-- DATASET CONTENT follows --

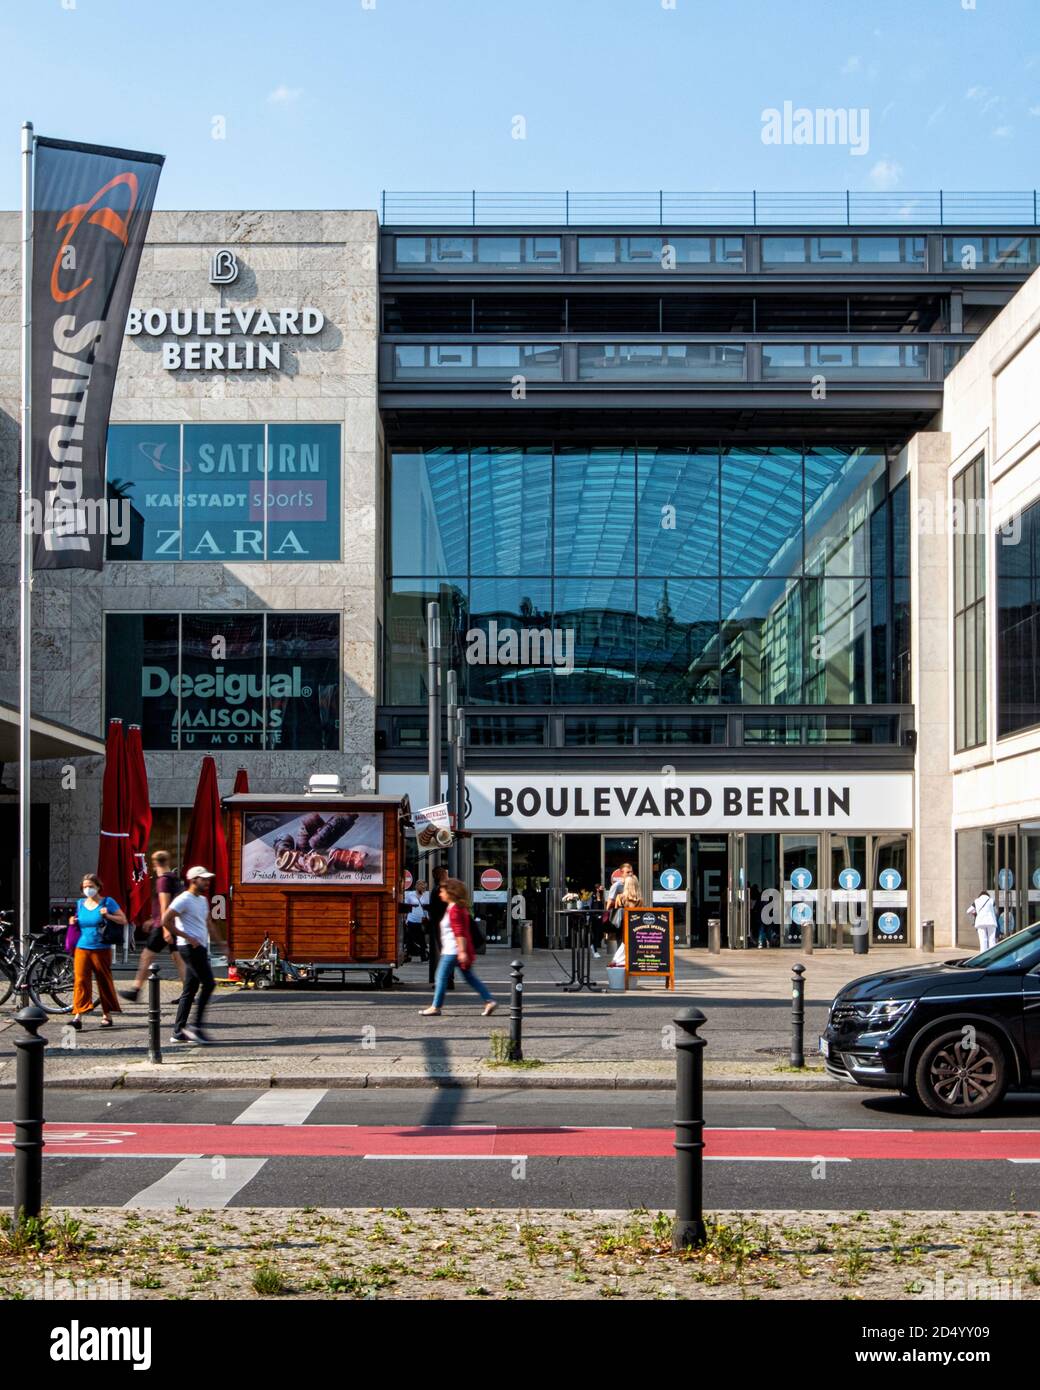 Boulevard Berlin - large shopping centre at Schloßstraße 10,Steglitz, Berlin. Shopping mall exterior view Stock Photo
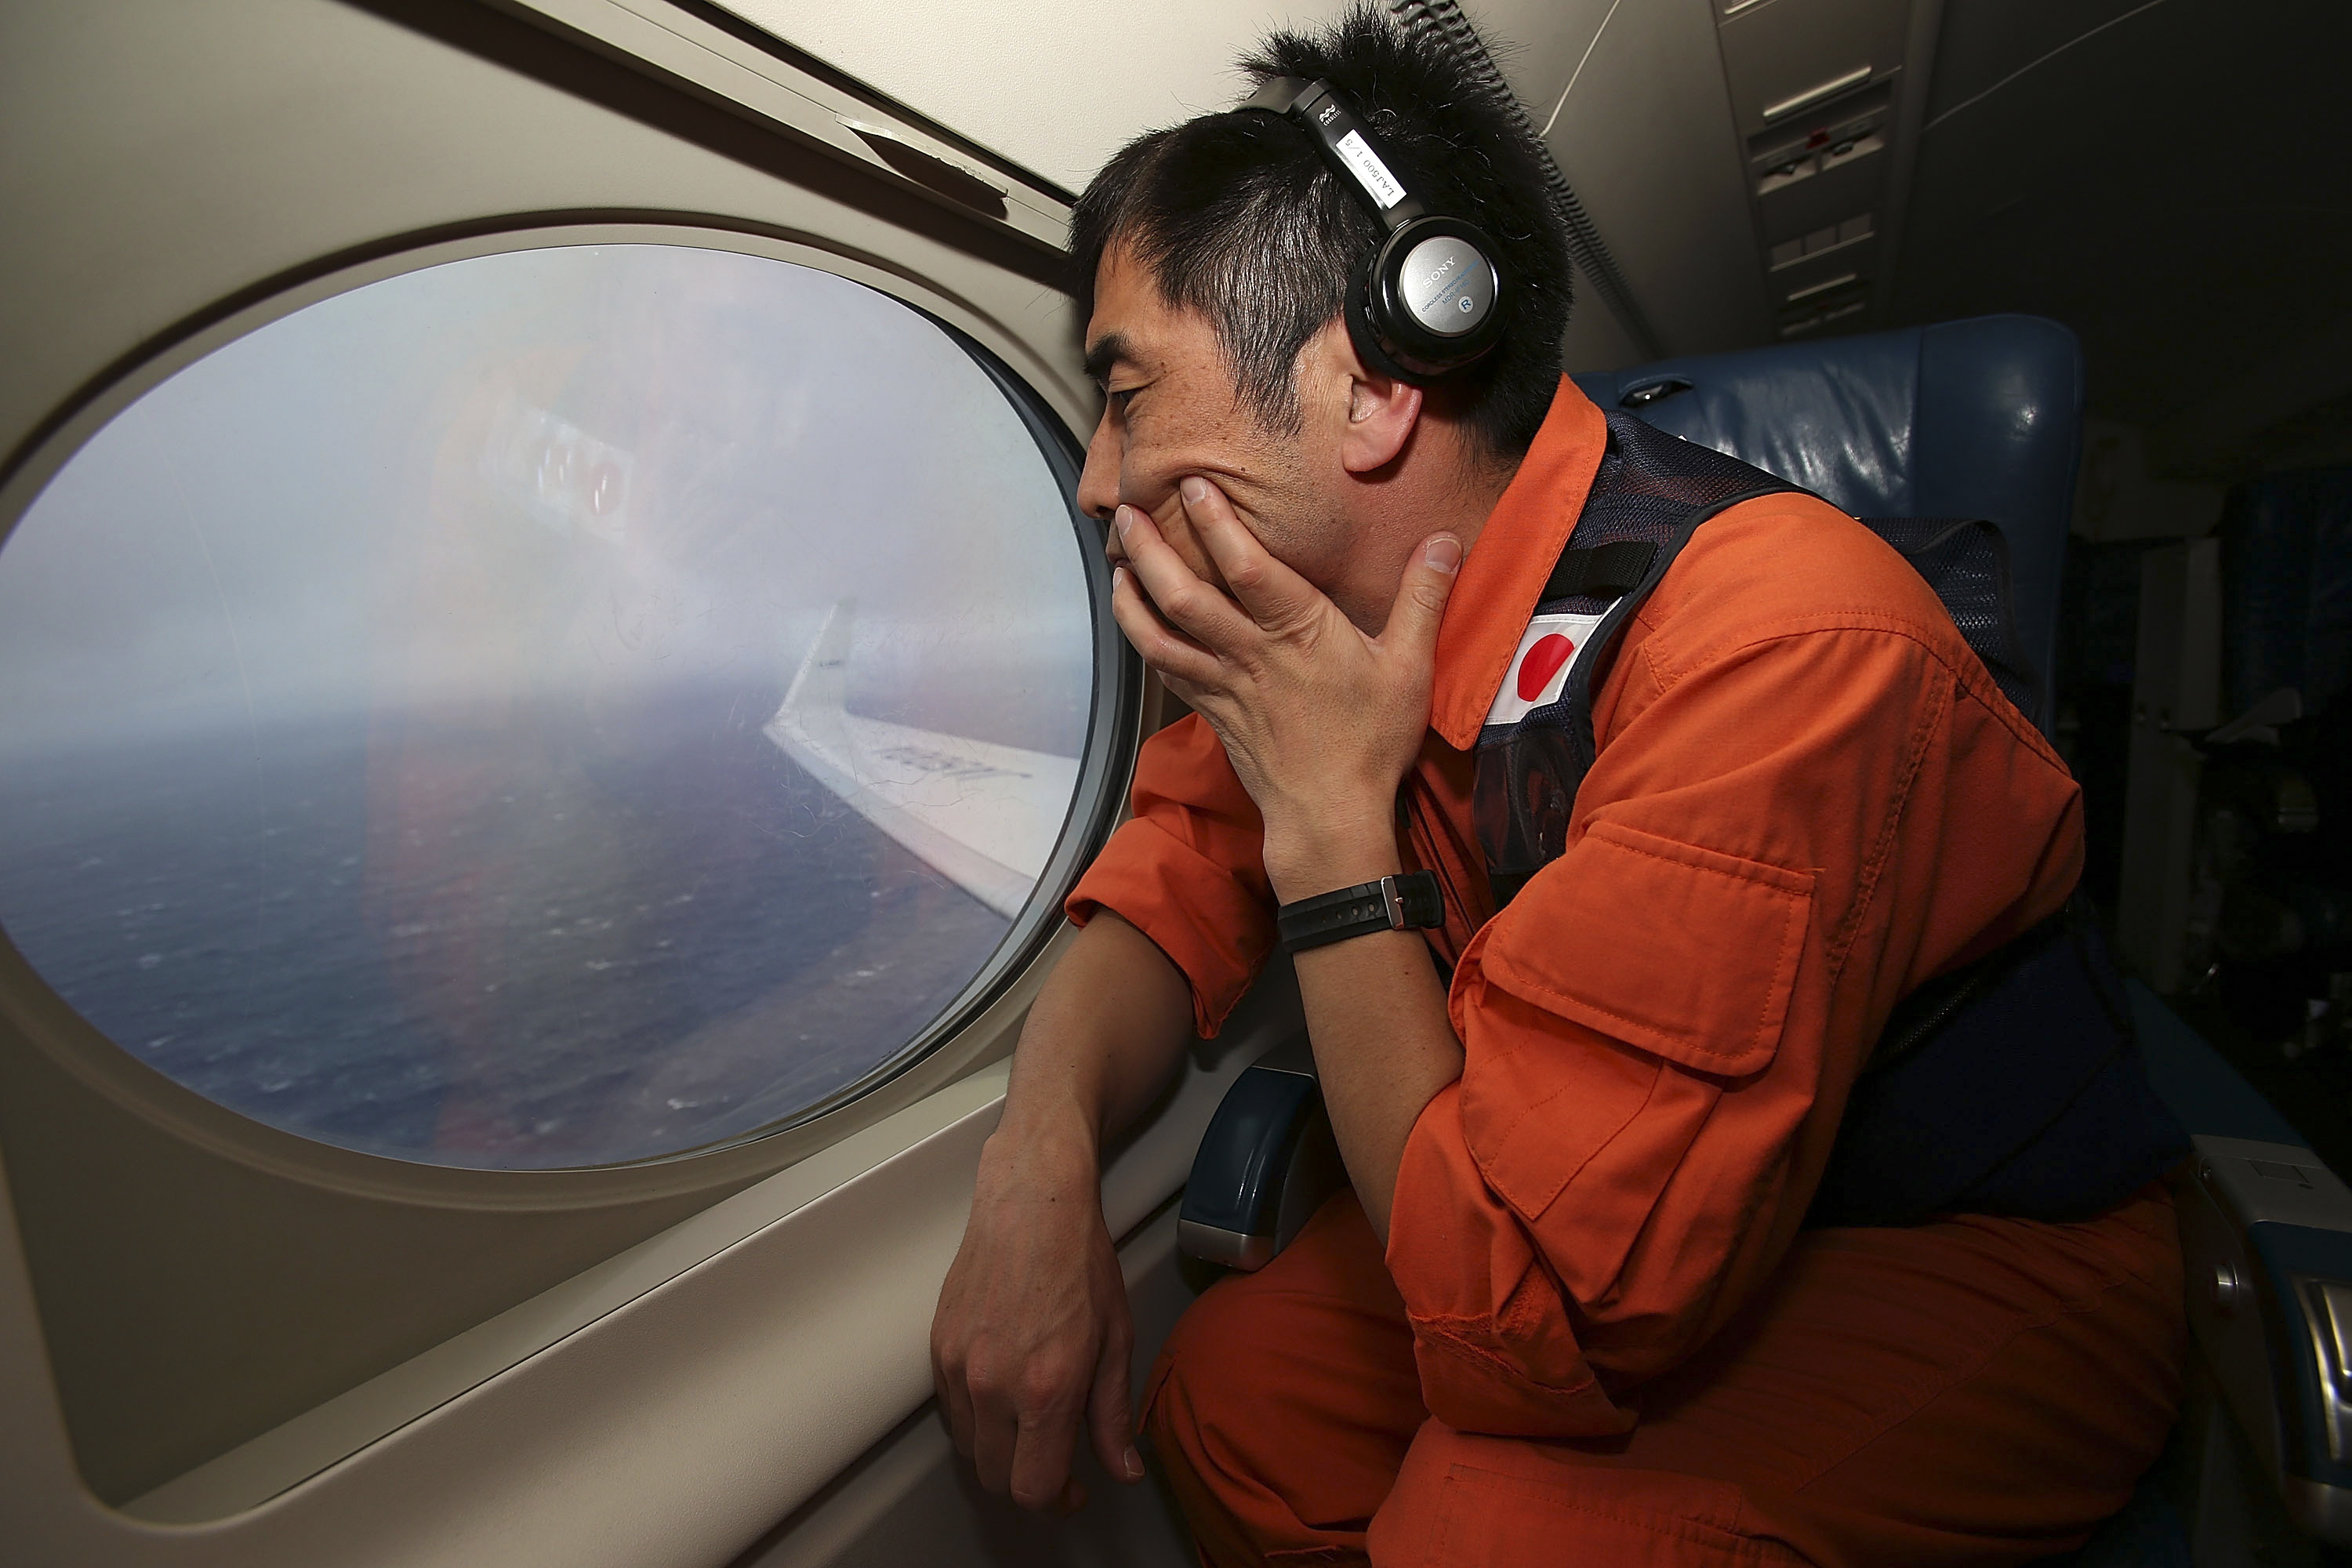 Nατζίμπ Ραζάκ: «Μπορεί να μην λυθεί ποτέ το μυστήριο με το αεροπλάνο»
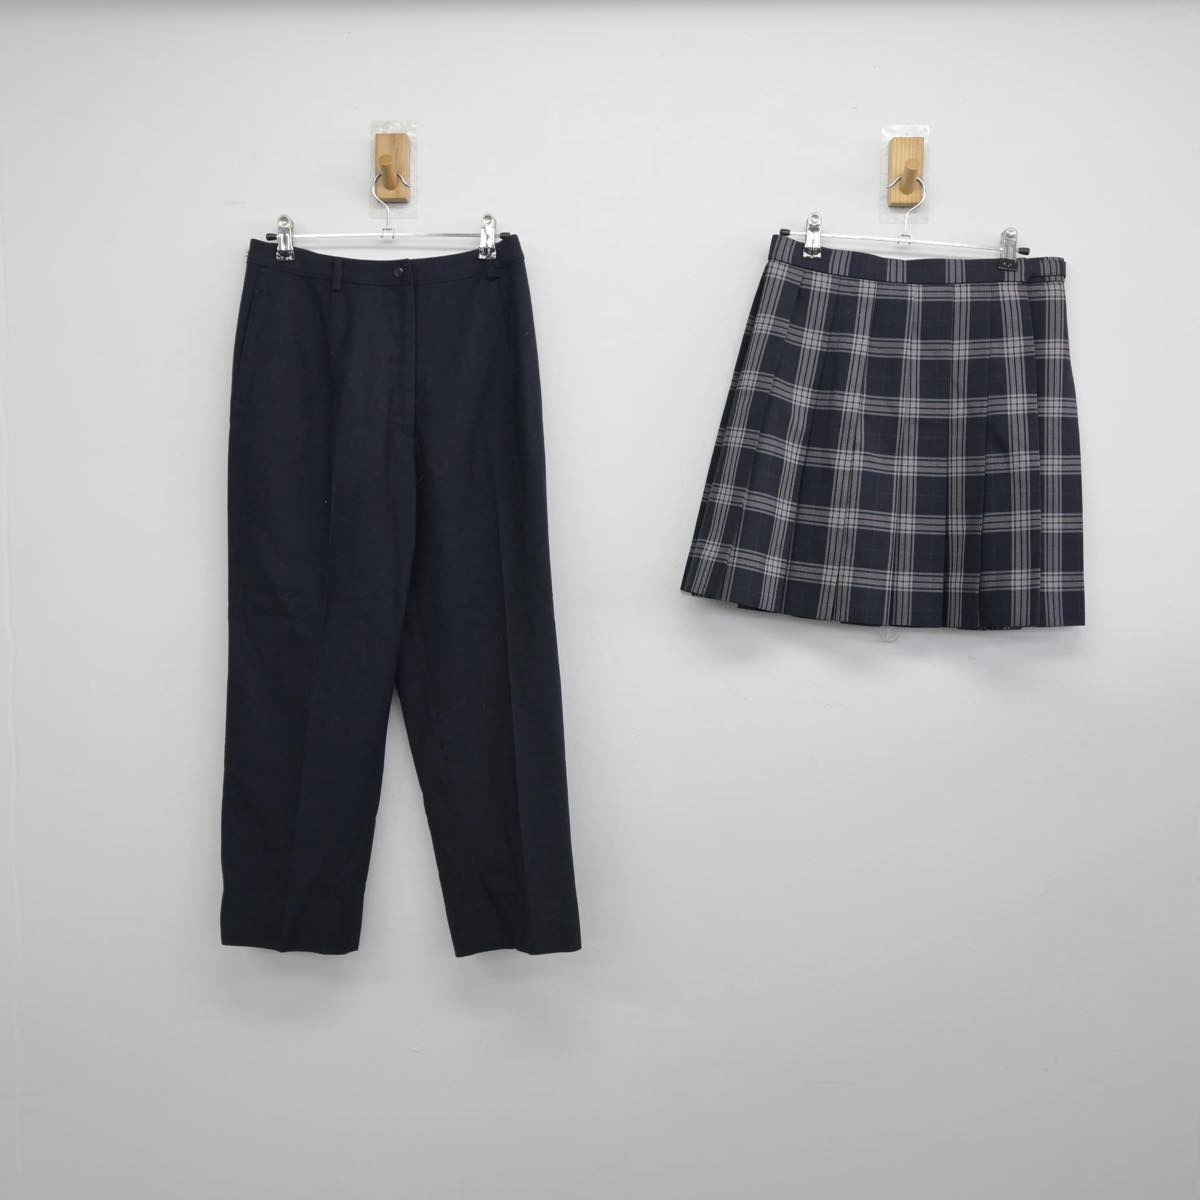 安い爆買い神奈川県　麻生総合高校　冬スカート 学生服
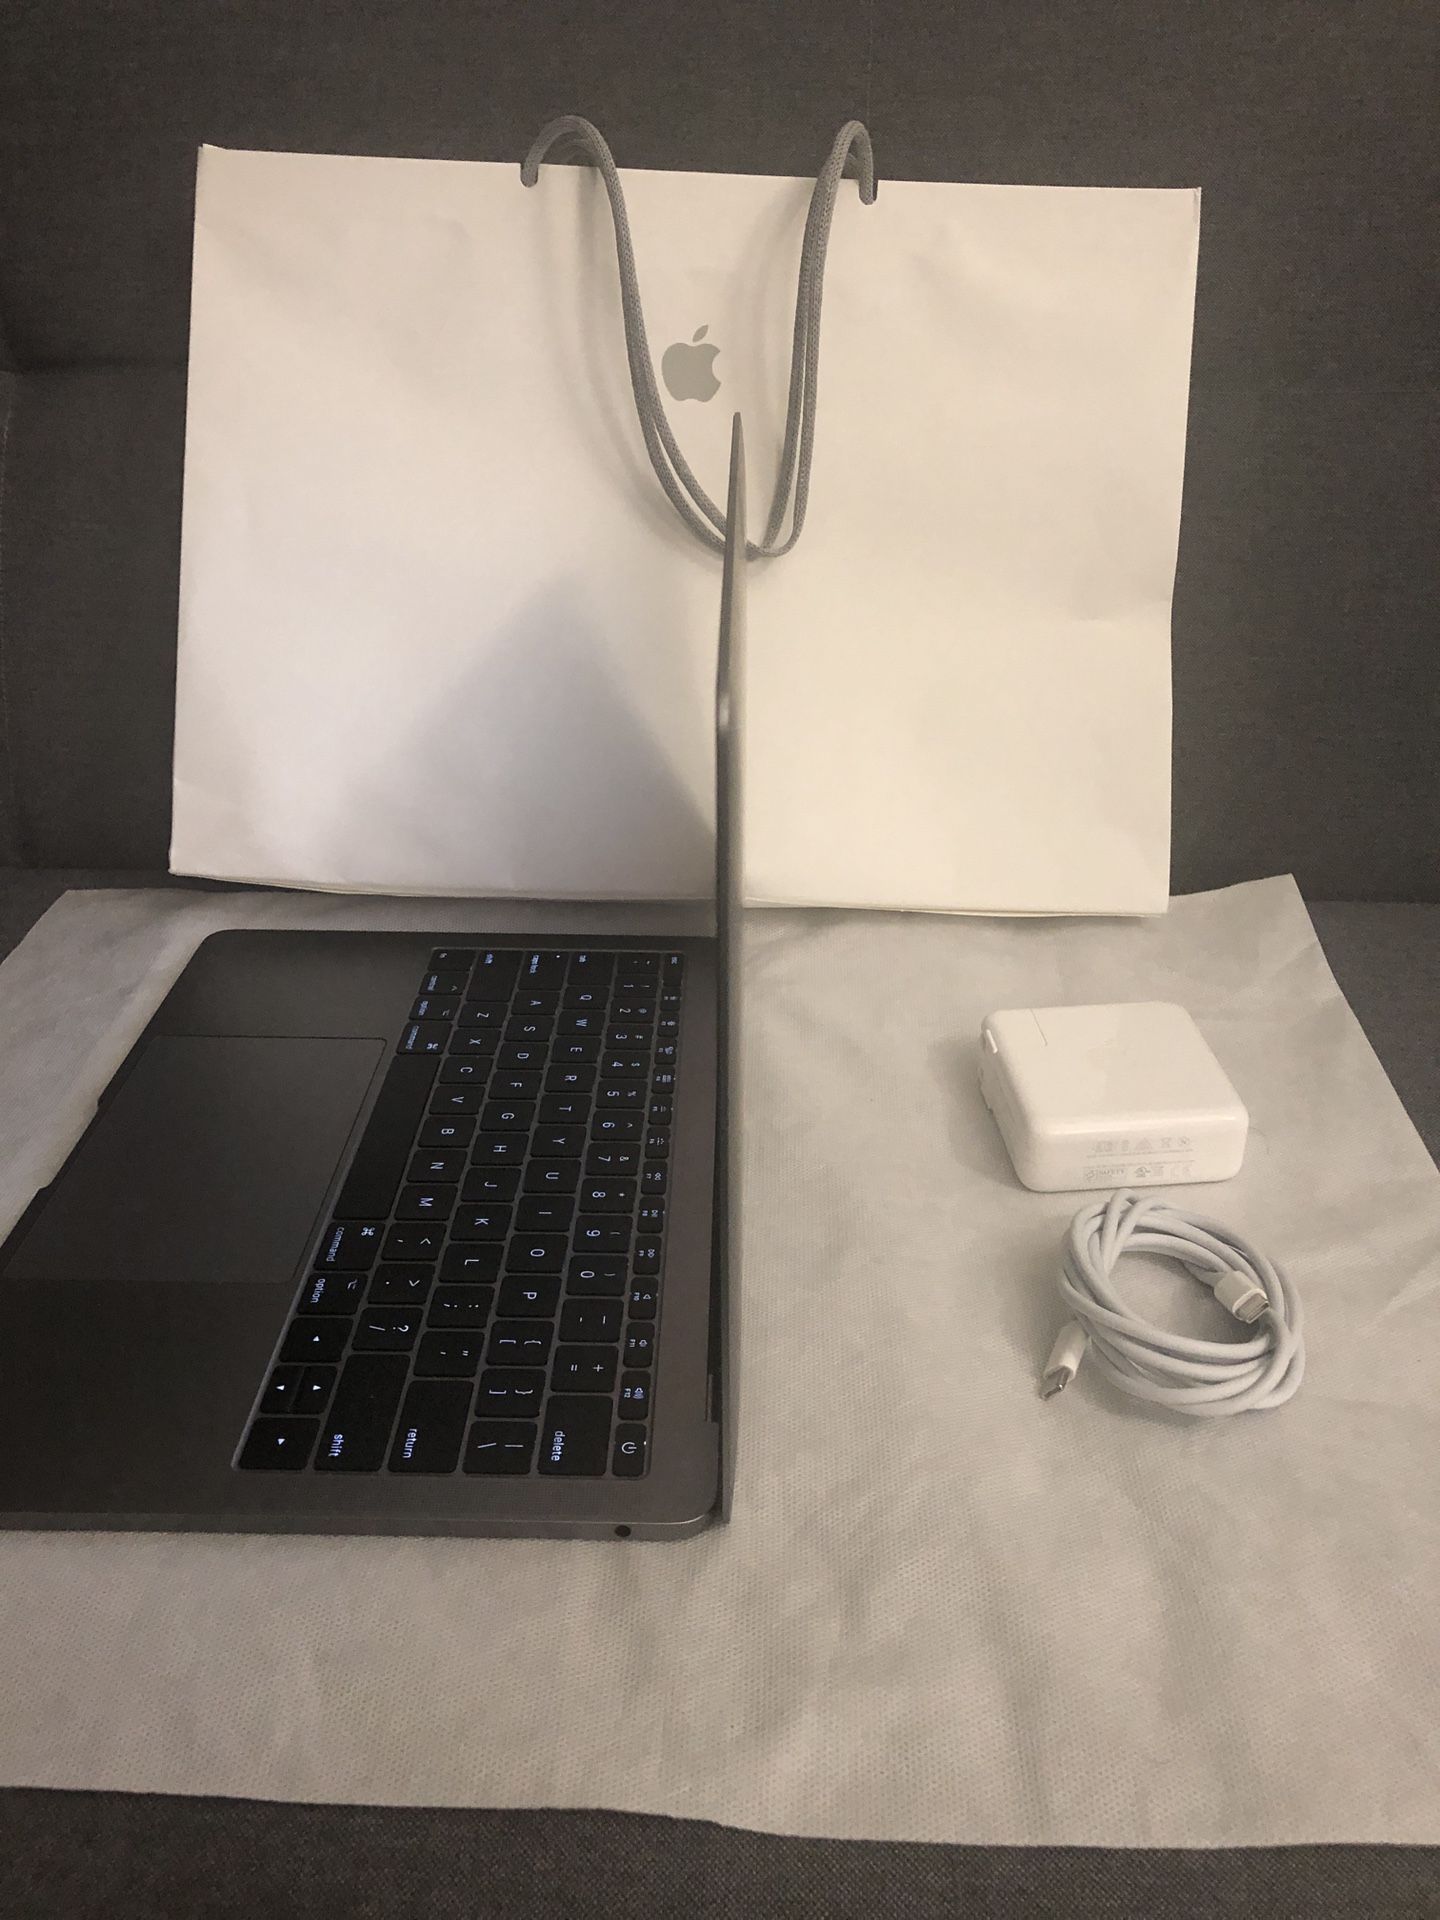 MacBook Pro 13 - inch 2017 two thunderbolt 3 ports Apple Laptop

-- DATASET CONTENT concluded --

** EXERCISE DESCRIPTION **
An exact copy of every line above is needed, without the images.

** PROBLEM SOLUTION **
 Boulevard Berlin - large shopping centre at Schloßstraße 10,Steglitz, Berlin. Shopping mall exterior view Stock Photo
 Nατζίμπ Ραζάκ: «Μπορεί να μην λυθεί ποτέ το μυστήριο με το αεροπλάνο»
 安い爆買い神奈川県　麻生総合高校　冬スカート 学生服
 MacBook Pro 13 - inch 2017 two thunderbolt 3 ports Apple Laptop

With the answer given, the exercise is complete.